Mr. Charles Jebson was a very tall man, with a good figure, and dandiacal in dress.
“This is my governor, Mr. Orcham, Charlie. And this is Miss Savott, come to see what we do up here. Mr. Charles Jebson.”
Charles became exceedingly deferential. He shook hands with Gracie like a young peer in swallow-tails determined to ingratiate himself with a chorus-girl. Gracie smiled to herself, thinking: “What a dance I could lead him!”
“You do get up early here, Mr. Jebson,” she said. “When do you sleep?”
“I don’t, miss,” he replied, smirking. “At least—well, three or four hours. Make it up Sundays. Perhaps you know the ‘Shaftesbury,’ in Shaftesbury Avenue. Express lunch and supper counter. That’s mine. They call me ‘the governor’ there, when I go in of a night to tackle the books and keep an eye on things. Not so much time for sleep, you’ll freely admit.” Gracie’s notion of him was enlarged. White coat before dawn. Restaurateur in the centre of theatre-land at supper-time! A romantic world!
“It’s all too marvellous!” she said admiringly.
Charlie showed pride. A procession of four laden porters charged blindly down the avenue, shouting. Gracie received a glancing blow on the shoulder. She spun round, laughing. Jack moved her paternally away to shelter. A nun, hands joined in front, eyes downcast, walked sedately along the avenue, a strange, exotic visitant from another sphere. The spectacle startled Gracie, shaking all her ideals, somehow shaming her.
“Why is she here?” she demanded of Jack with false casualness.

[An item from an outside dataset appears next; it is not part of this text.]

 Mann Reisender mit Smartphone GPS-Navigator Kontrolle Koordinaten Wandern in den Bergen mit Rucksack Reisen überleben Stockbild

“I couldn’t say, miss, for sure. Little Sister of the Poor, or something. Come for what she can get. Food for orphans, I shouldn’t be surprised. They’re very generous in the Market.” He added discreetly, as Gracie made as if to return to Evelyn, “Governor’s got a bit of business with Mr. Jebson.”
“Oh yes.” And she asked him some questions about what she saw.
“Refrigerators,” he said. “Thirty years ago when I first came here there wasn’t an ice-box in the place.”
Gracie could overhear parts of the conversation between Charlie and Evelyn. Evelyn laughed faintly. Charlie laughed loudly. It went on.
“I hope we shall be able to continue to do business together, Mr. Jebson,” Evelyn said at length.
“It won’t be my fault if we don’t, sir,” Charlie deferentially replied.